SUPPLIED INFORMATION Start Marker

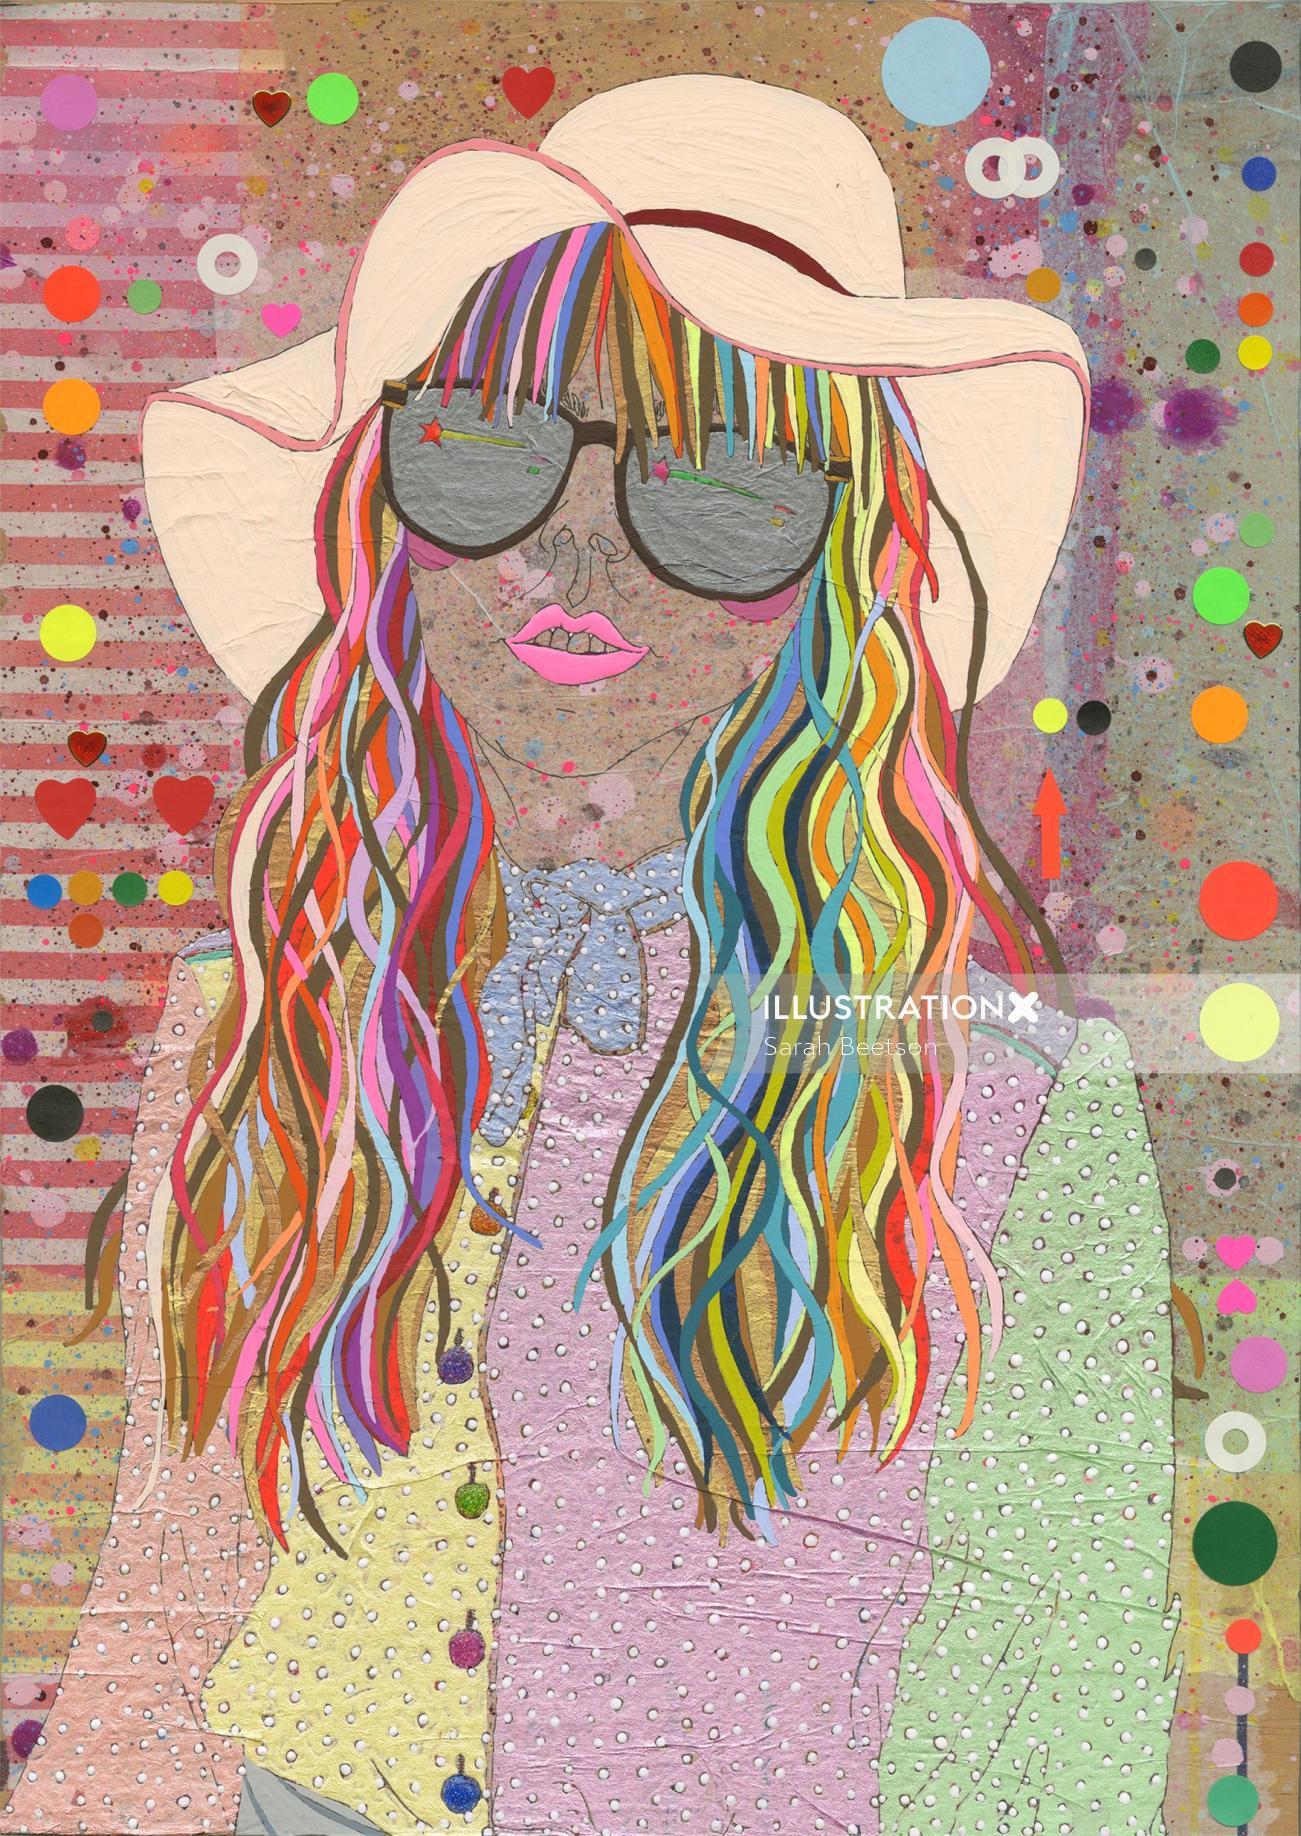 Fashion woman - Illustration by Sarah Beetson
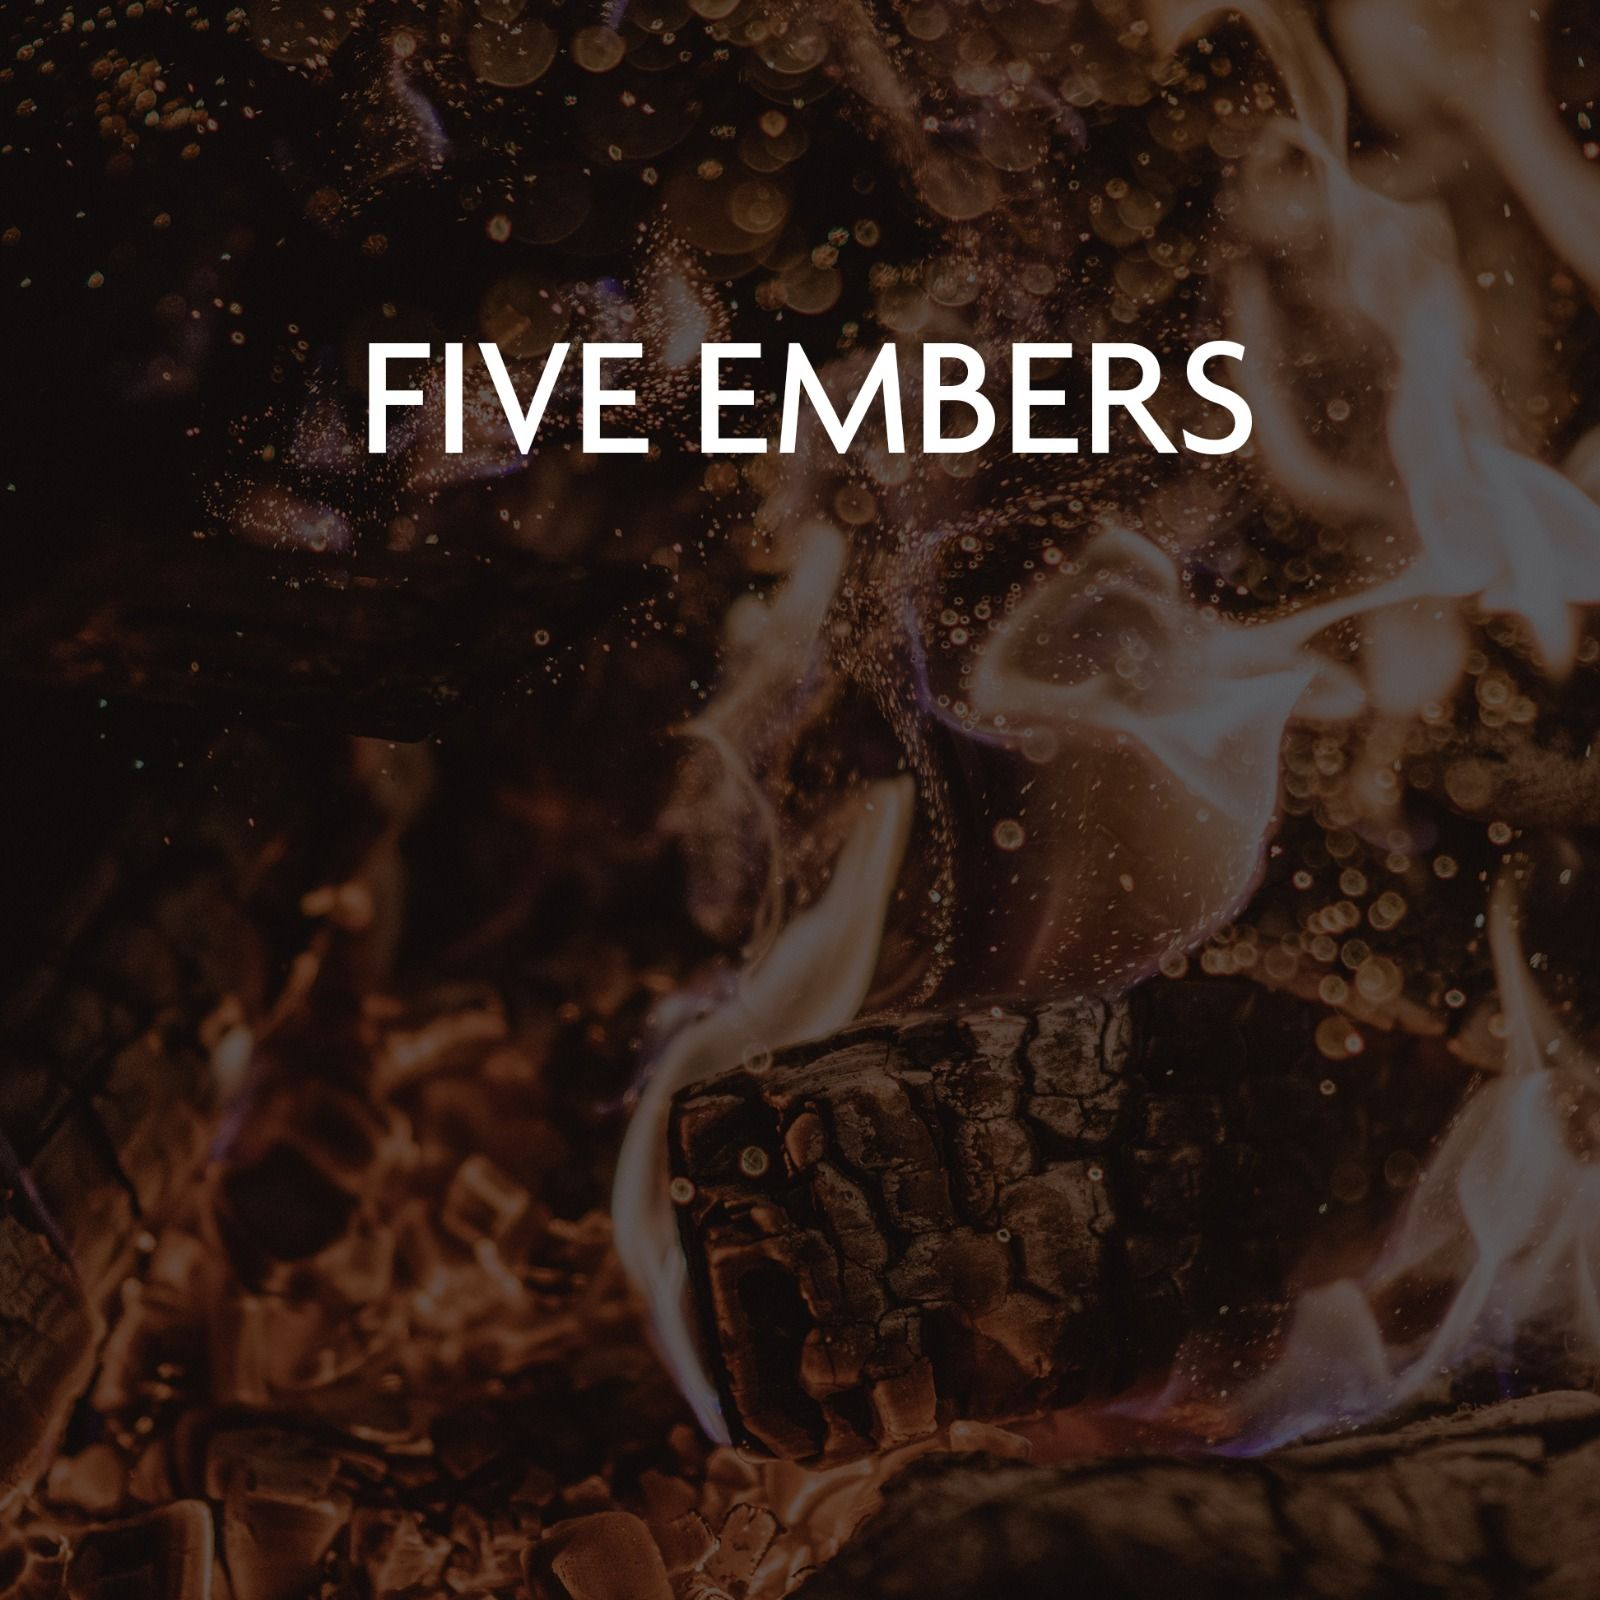 Five Embers
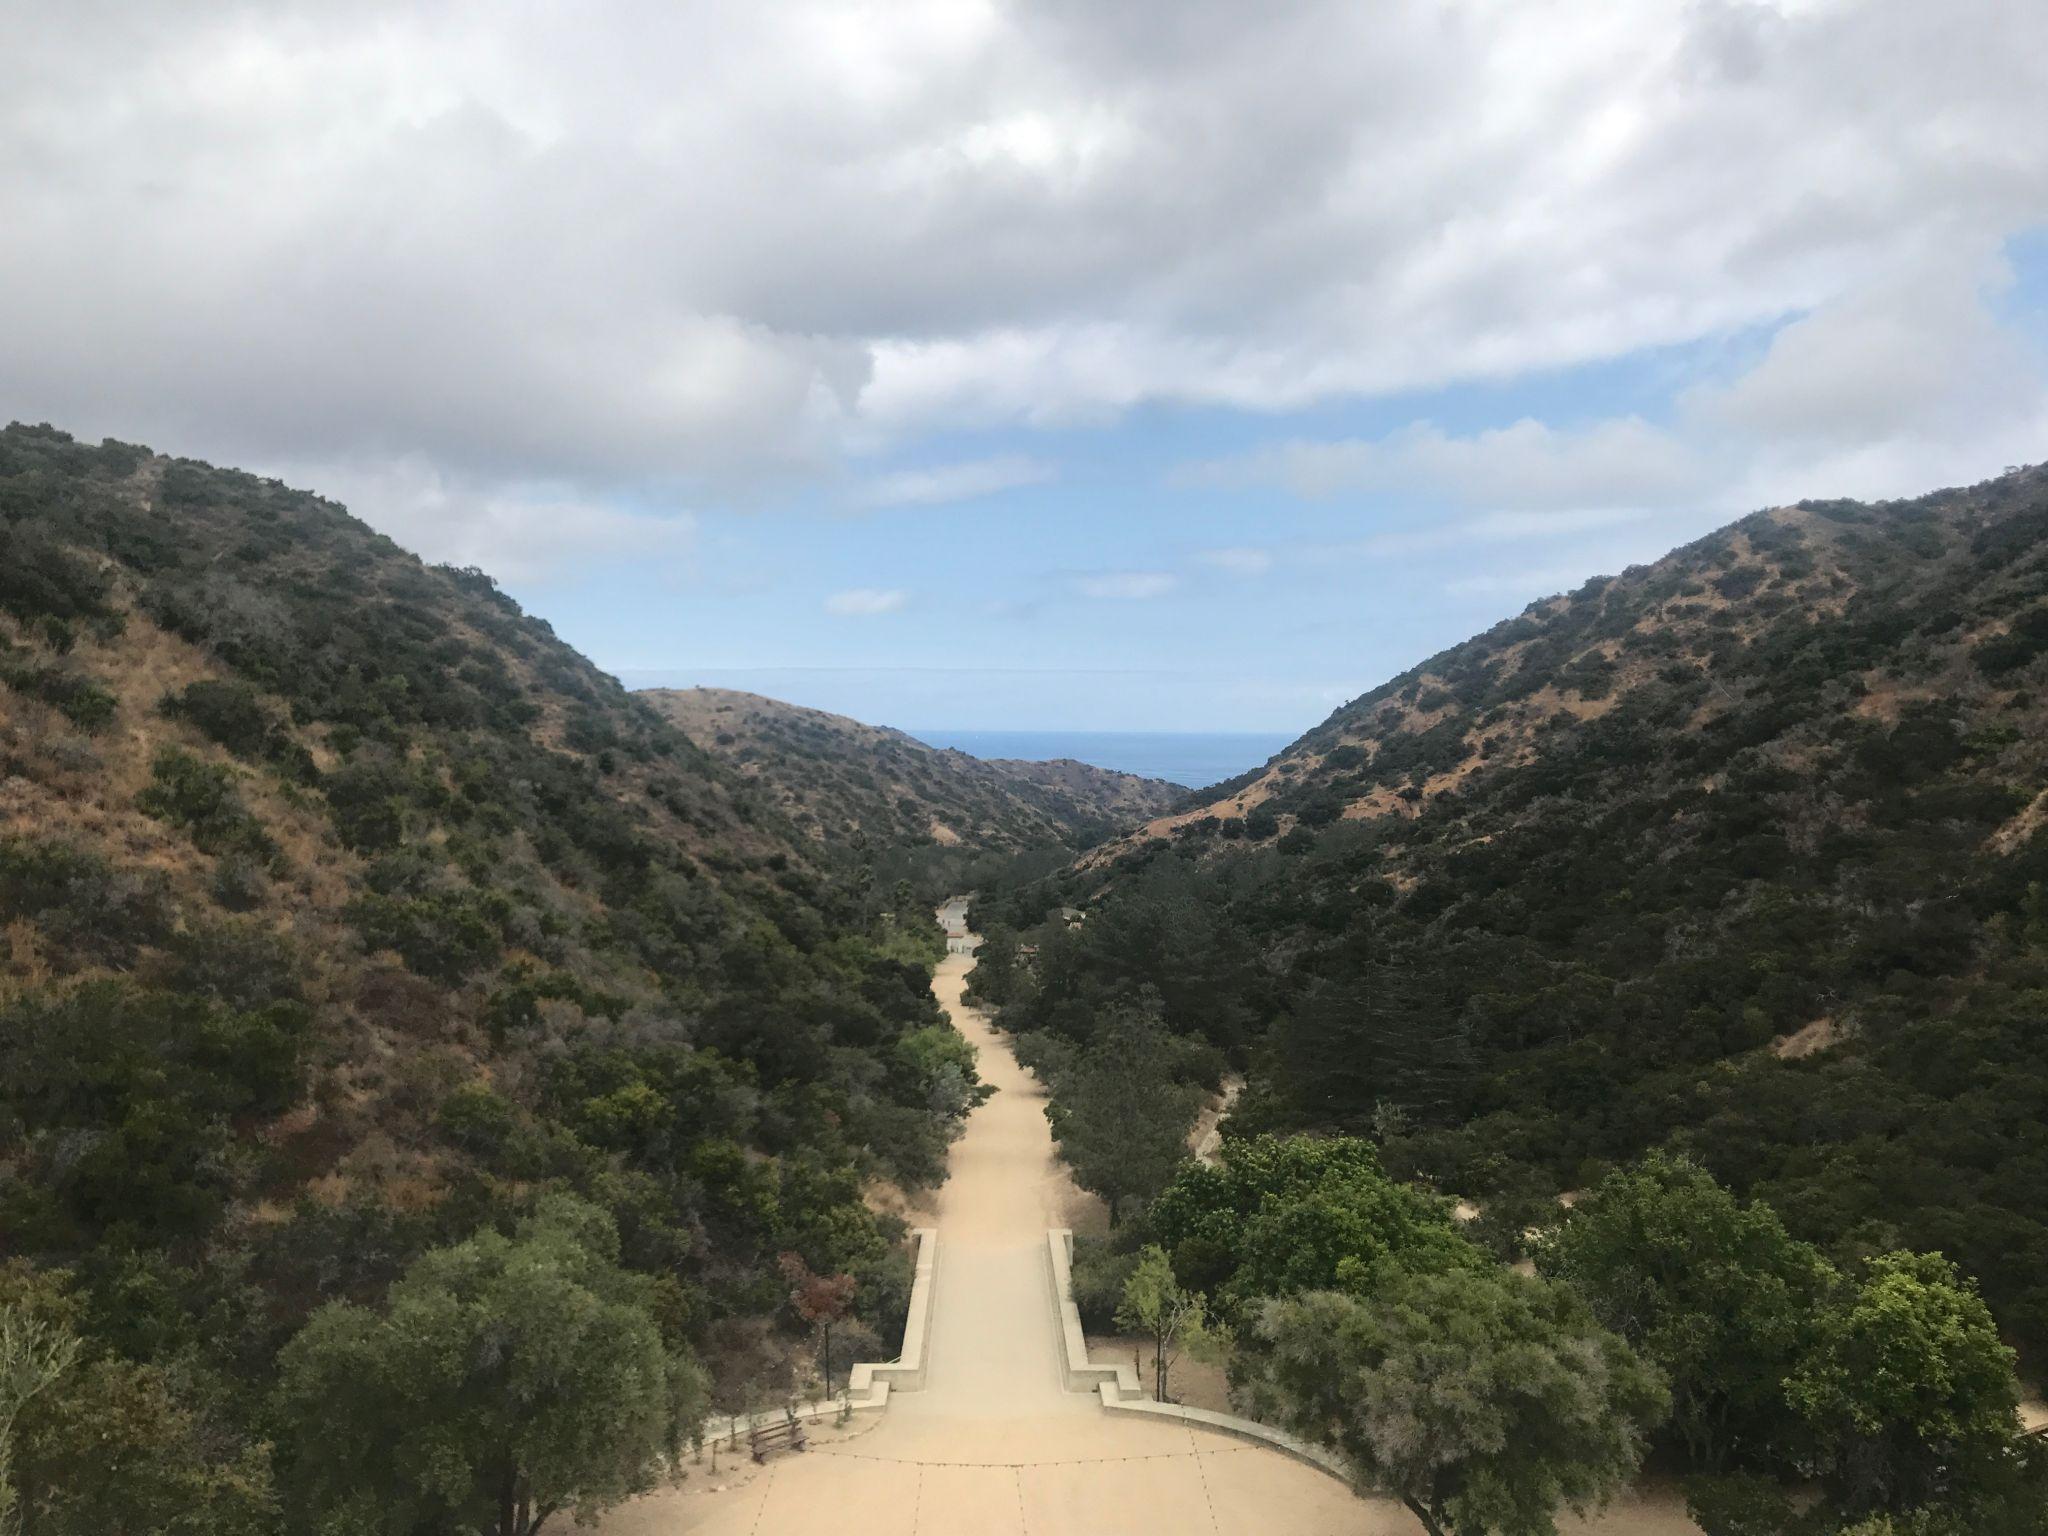 Wrigley Memorial Catalina Island

SUPPLIED INFORMATION End Marker

* [WORK TO COMPLETE]
Repeat the listing above word for word. Do not include the pictures.

* [ANSWER TO THIS TASK]
 Fashion woman - Illustration by Sarah Beetson
 Five Embers
 Wrigley Memorial Catalina Island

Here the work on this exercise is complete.